A simple, small (in terms of runtime size) refcounting GC does better than an equally simple tracing GC, and simple refcounting has the advantage of a significantly lower heap footprint (a tracing GC uses heap overhead to drastically reduce the cost of memory management). There is also the assumption is that Rust/C++ applications will not make heavy use of GC, all the more reason to use a simple, low-footprint one, in-line with its "cost-free abstraction" philosophy.

vardump · on May 16, 2019

Atomic refcounting consumes global, system wide resource of inter-core and inter-CPU (like QPI) communication. 20M-50M of those events per second can render your 4 CPU 128 core system frozen.

Also just freeing memory can create a surprisingly long pause. Depends on allocator, of course.

cesarb · on May 16, 2019

> Atomic refcounting consumes global, system wide resource of inter-core and inter-CPU (like QPI) communication.

Forgive me if I'm wrong, but wouldn't reference counters consume these global resources only when there's contention for the cacheline? Once the cacheline is in an exclusive state, there's no need to go outside the core at all.

tlb · on May 16, 2019

Yes, and refcounting creates false contention. For example, a global config object is constantly having its refcount bumped up and down every time someone dereferences it, even though the actual contents are read-only.

There are ways to mitigate this, but they’re complex.

wwright · on May 17, 2019

This is actually an excellent case where Rust can help you completely remove the need to lock and help you keep your memory safe — if you can make it clear that your config object will live longer than all threads referencing it (which shouldn’t be hard if it is truly global), then Rust will let you share it among all threads with no further overhead at all, for programmer or processor.

steveklabnik · on May 17, 2019

One interesting thing about rust here is that you can mitigate refcount traffic, since you can also take a regular reference to the data. You only need to increment/decrement on actual ownership stuff.

vardump · on May 17, 2019

You're correct. I simplified it a bit.

The point still stands, though. There's not much contention resources available, so if high system performance is desired, one should look for alternatives to avoid creating chatter between cores and CPU sockets.

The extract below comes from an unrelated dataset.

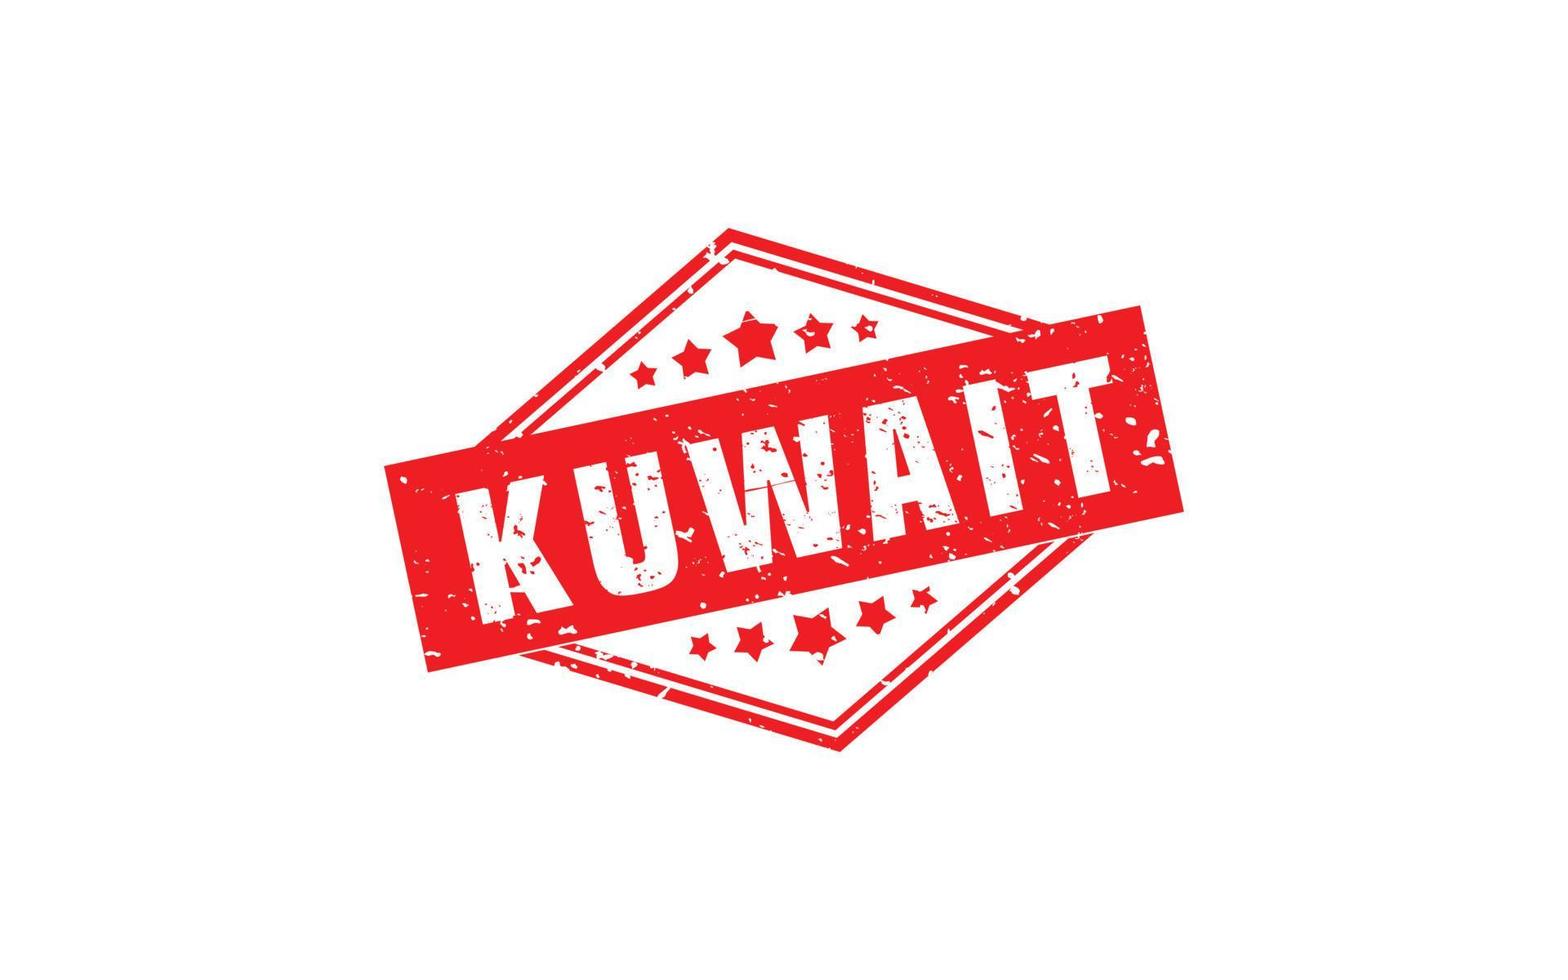 Kuwait-Stempelgummi mit Grunge-Stil auf weißem Hintergrund vektor

kazinator · on May 17, 2019

When you have some object O that has a reference to a set of hundreds of thousands of other objects, and drop the last reference on O, you don't know how many of those other objects will also be traversed and have their reference hit zero. It could be none of them; it could be all of them.

JoeAltmaier · on May 16, 2019

There are some fundamental optimizations we don't even think about any more. E.g. the first class I wrote in C++ was a simple container for a byte, with a constructor, a getter and a conversion to int. Then in main() I declared one locally, constructed with 'true'. Then I returned that object as the return code.

Imagine my surprise when the generated code was simply

mov AX, 0xFF

ret

Three or four bytes of code! So some abstractions, encapsulation for instance, provide the user with guarantees but can cost absolutely nothing.

metafunctor · on May 16, 2019

I really enjoyed the zero cost abstractions in Standard ML achieved by the whole-program optimizing MLton compiler (and I have a t-shirt to prove it). It's amazing how one can define clean, abstract, type-safe module hierarchies that still boil down to very, very efficient machine code that's just inches away from hand-written C code in terms of raw performance.

The zero runtime cost, of course, was paid in compilation time. With some tricks, it wasn't a big problem in practice, though.

kristianp · on May 16, 2019

Pardon my ignorance, but don't that family of languages suffer from the overhead of boxing?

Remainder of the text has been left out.